A revisão de 2017 do Código dos Contratos Públicos (“CCP”) veio introduzir algumas alterações em matéria de habilitação – algumas boas, outras nem por isso.

Há dias, por diploma avulso (mas complementar face ao CCP), surgiu um regime que visa simplificar essa fase: refiro-me ao regime do Portal Nacional dos Fornecedores do Estado, aprovado pelo Decreto-Lei n.º 72/2018. Este regime, em vigor a partir de 1 de Janeiro de 2019 (artigo 22.º) e aplicável unicamente aos procedimentos que se iniciem a partir da sua entrada em vigor (artigo 21.º/1), assenta na criação de uma plataforma informática, de adesão voluntária, que agrega informação sobre a situação fiscal e contributiva dos operadores económicos, bem como informação sobre a respectiva idoneidade do ponto de vista do registo criminal (artigo 1.º/2 e 3). Esta plataforma deverá ser criada e gerida pelo IMPIC (artigo 4.º), devendo ser interoperável com o Portal Base (artigo 5.º/2). A ideia, em síntese, é permitir que os operadores económicos que adiram a este Portal de Fornecedores fiquem dispensados de apresentar os documentos comprovativos de que não se encontram em qualquer situação de impedimento decorrente da sua situação tributária, contributiva ou criminal (artigo 3.º/2).

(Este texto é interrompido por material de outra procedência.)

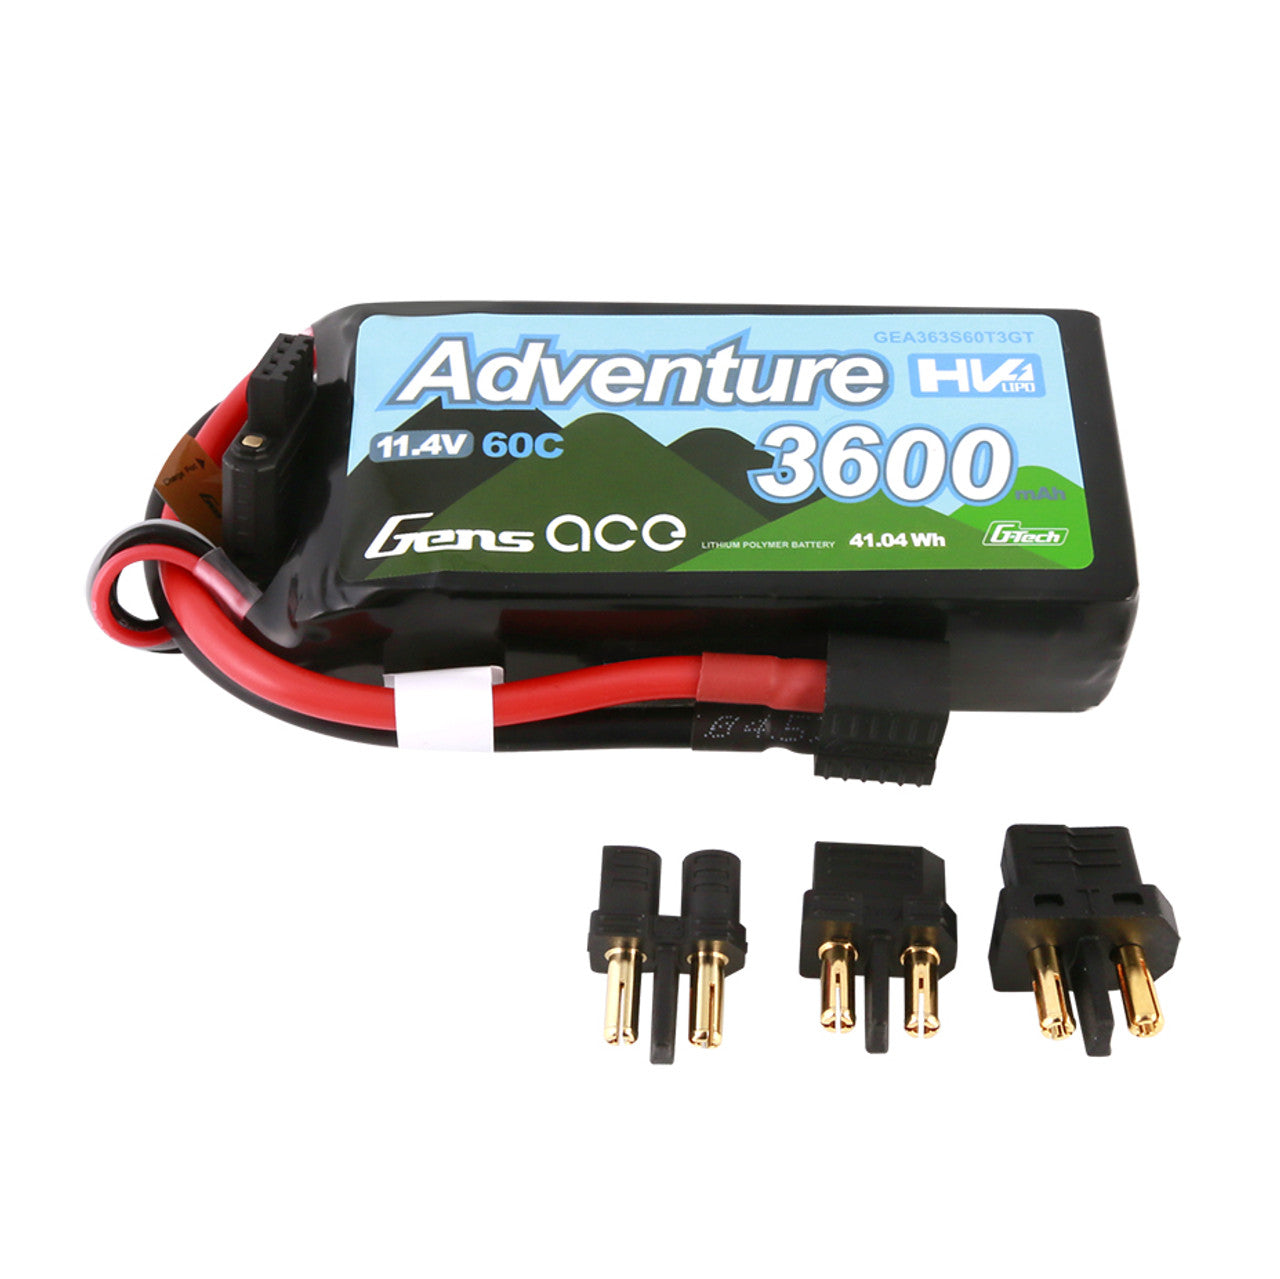 Gens Ace Adventure High Voltage 3600mAh 3S1P 11.4V 60C G-Tech Lipo Battery With Deans And XT60 Adapter

Em termos gerais, a intenção do regime é boa, podendo até pensar-se, no futuro, na transição para um sistema de inscrição obrigatória no Portal – com a consequente dispensa da fase da habilitação tal como a conhecemos, que, nesse caso, passaria a uma mera verificação formal junto do Portal, pela entidade adjudicante, da situação do adjudicatário. Aliás, sobretudo quando a entidade adjudicante é o Estado, a mera obrigação de demonstrar que não se deve ao Fisco nem à Segurança Social, nem se foi condenado pela prática de qualquer crime, não deixa de ser algo paradoxal, já que, se há entidade que tinha o dever de conhecer essas informações essa é, precisamente, o Estado…

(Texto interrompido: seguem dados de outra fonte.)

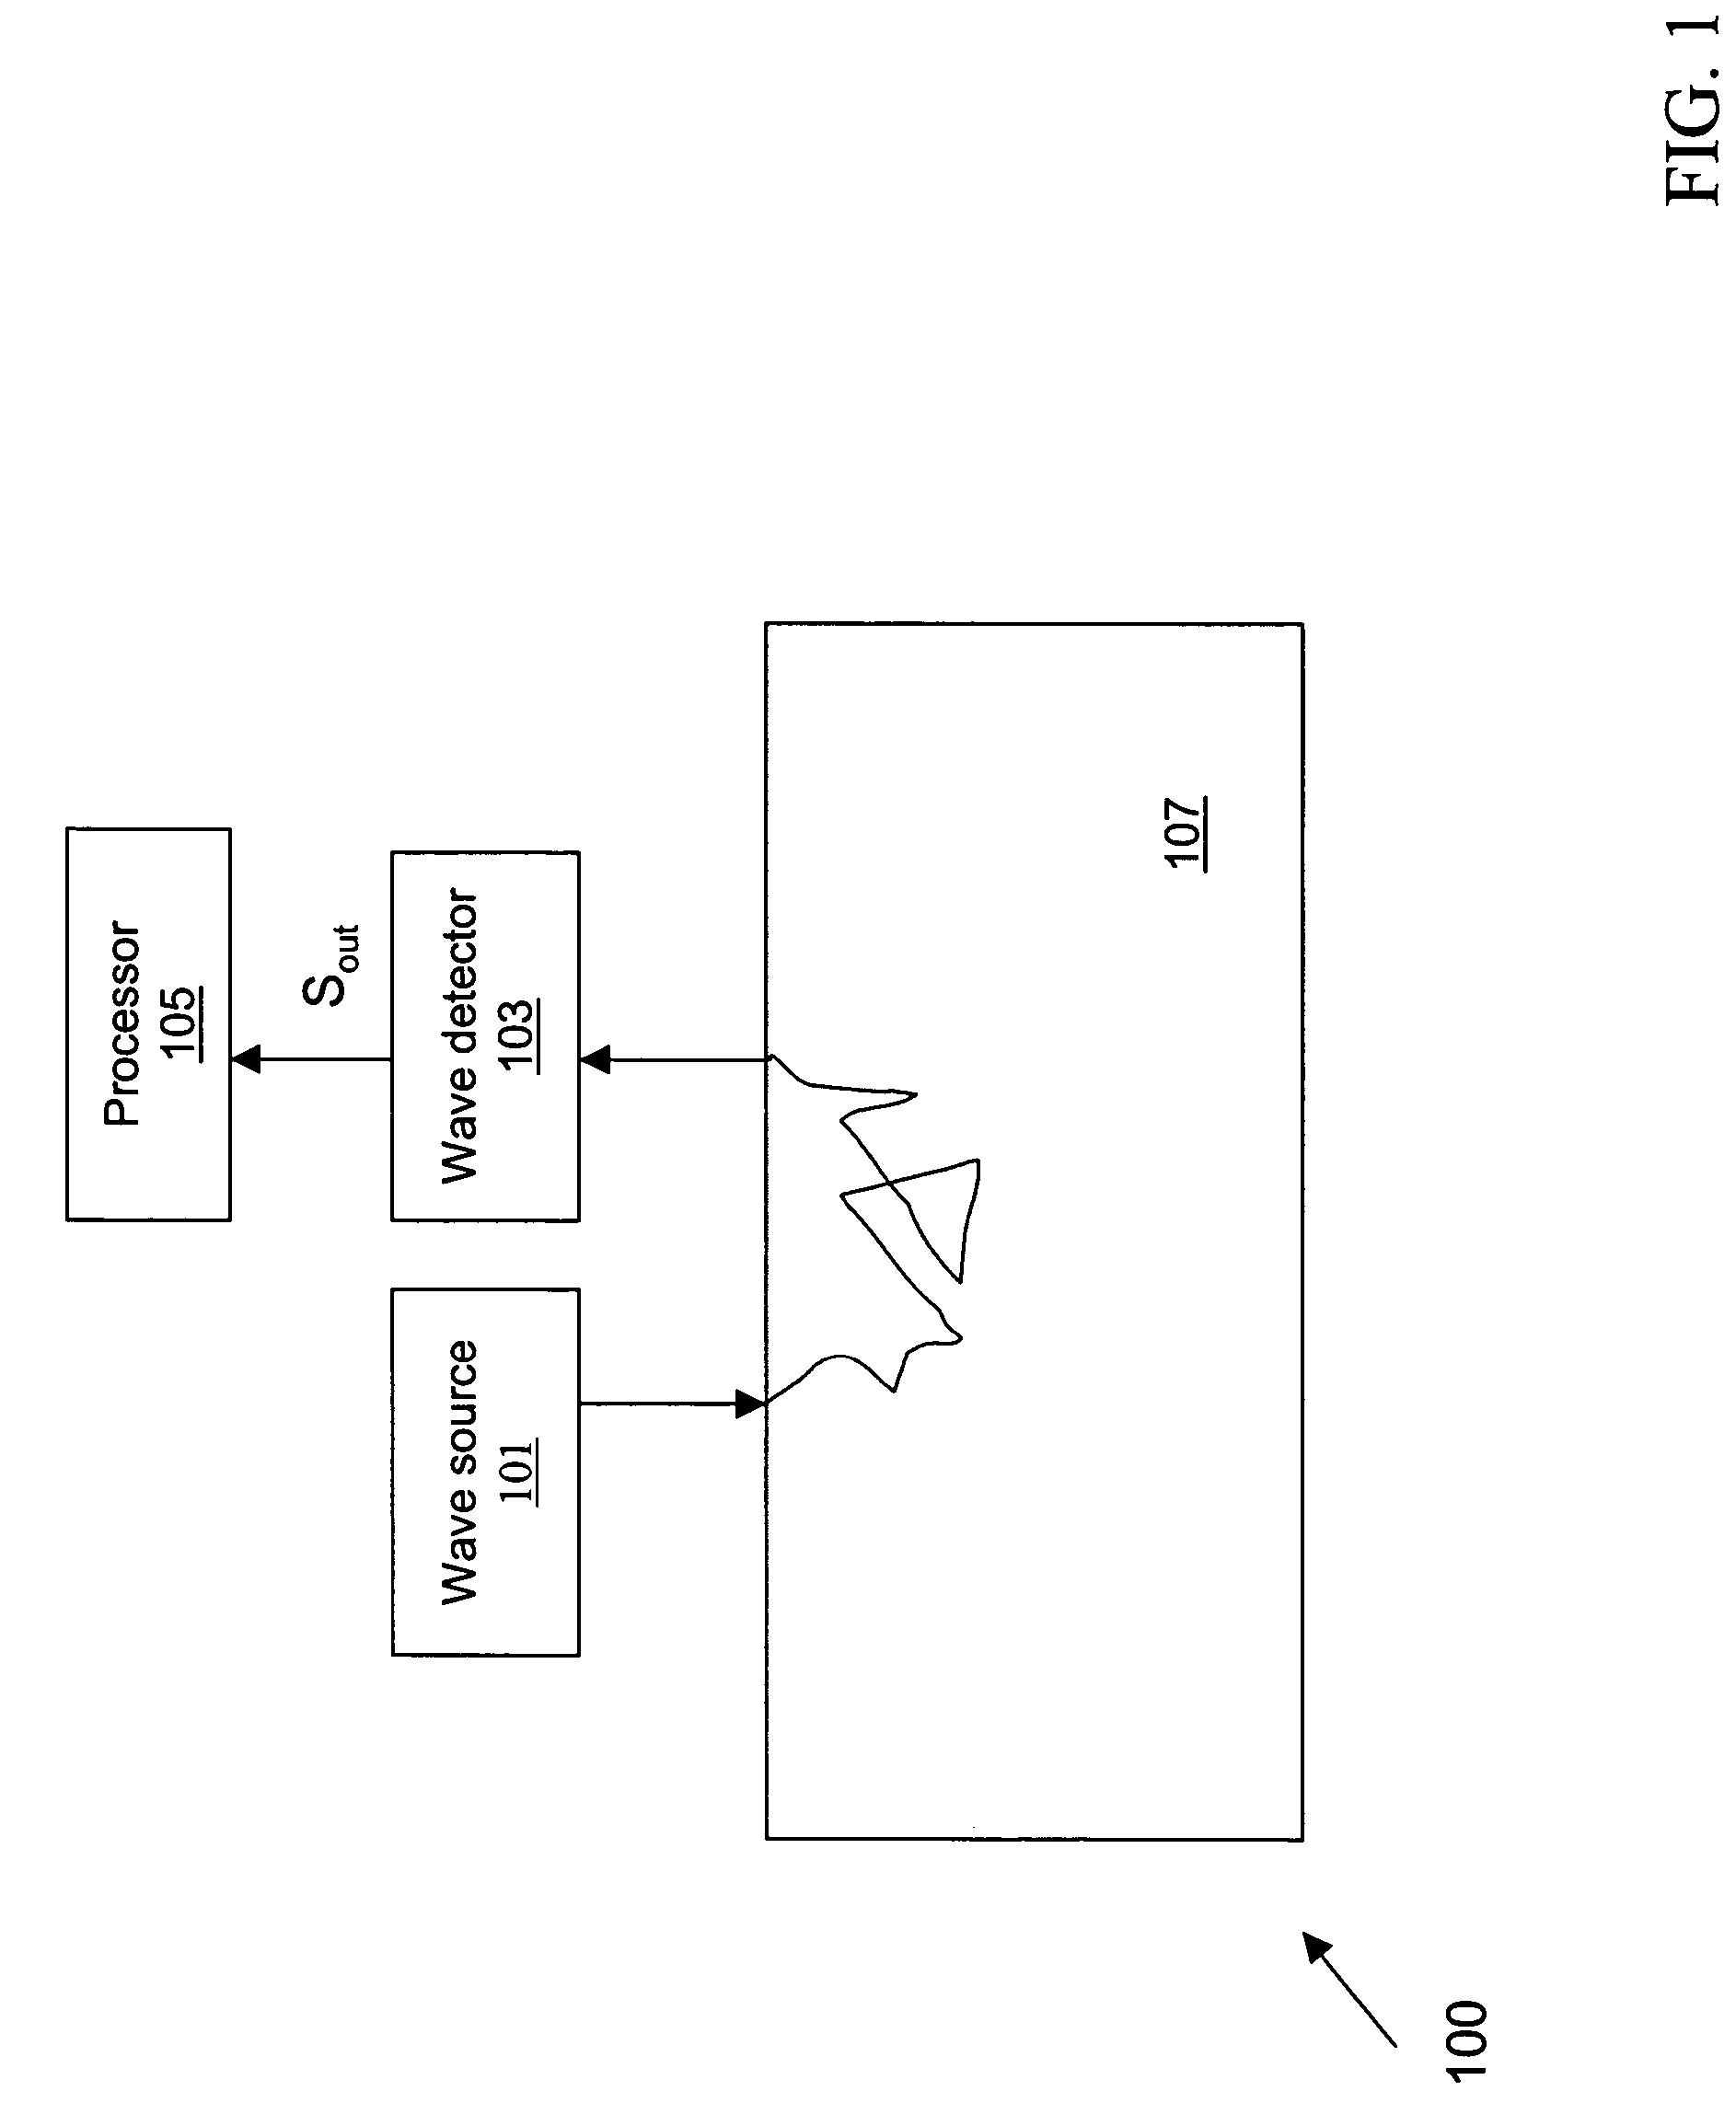 Optical apparatus and method of use for non-invasive tomographic scan of biological tissues

Seja como for, há aspectos do regime que, mais uma vez (como sucedeu com a revisão de 2017 do Código), são relegados para futuras portarias governamentais, nomeadamente a questão da diferenciação de acesso à informação (artigo 5.º/6) e o montante da taxa a pagar pela inscrição no Portal e a manutenção, nele, do registo criminal do operador económico (melhor, dos titulares dos respectivos órgãos de administração, direcção ou gerência) (artigo 17.º). O primeiro aspecto é particularmente relevante no que concerne à protecção dos dados fornecidos pelos operadores económicos – preocupação que, de resto, me parece ser transversal a todo o Decreto-Lei n.º 72/2018 (mas que pode, eventualmente, vir a ser vulnerada pelo regime da portaria que virá regulamentar o seu artigo 5.º/6).

De notar, ainda, que não estamos perante qualquer sucedâneo do “certificado de inscrição em lista oficial de fornecedores de bens móveis ou de prestadores de serviços (…) que revele a titularidade das habilitações adequadas e necessárias à execução das prestações objecto do contrato a celebrar”, a que se referia o anterior artigo 81.º/4 do CCP (e que foi, em boa hora, revogado, já que tal documento não existia, o que suscitava diversas dúvidas quanto ao documento a apresentar em sua substituição, tendo-se a prática orientado, à falta de melhor, no sentido de dever ser apresentada a certidão de registo comercial).

Do mesmo modo, estas informações não abrangem outros impedimentos além daqueles a que o próprio Decreto-Lei n.º 72/2018 se refere (por remissão para o CCP), pelo que não está aqui incluído, nomeadamente, o impedimento previsto no artigo 55.º/1, alínea l) do CCP – continuando, portanto, a suscitar-se a questão prática de saber de que modo pode a entidade adjudicante ter conhecimento do incumprimento de contratos anteriores pelo operador económico, se tais contratos não tiverem sido celebrados consigo.

Além de questões relativas a eventual falsidade de declarações ou discrepância (nomeadamente, por desactualização) entre as informações constantes do Portal e a realidade (veja-se, com relevância, os artigos 9.º e 11.º do Decreto-Lei n.º 72/2018), será interessante saber se a possibilidade de um acesso mais amplo à informação dos demais concorrentes ou candidatos – nos termos que ainda virão a ser estabelecidos por portaria, pela qual há que aguardar – não levará cada operador económico a suscitar eventuais impedimentos logo em fase de audiência prévia, antecipando para a fase da análise das propostas ou candidaturas uma discussão que normalmente só se teria em fase de habilitação (excepto quando o operador económico, por algum motivo, tivesse conhecimento da existência de dívidas fiscais ou contributivas, bem como da condenação judicial pela prática de crimes, por parte dos seus competidores).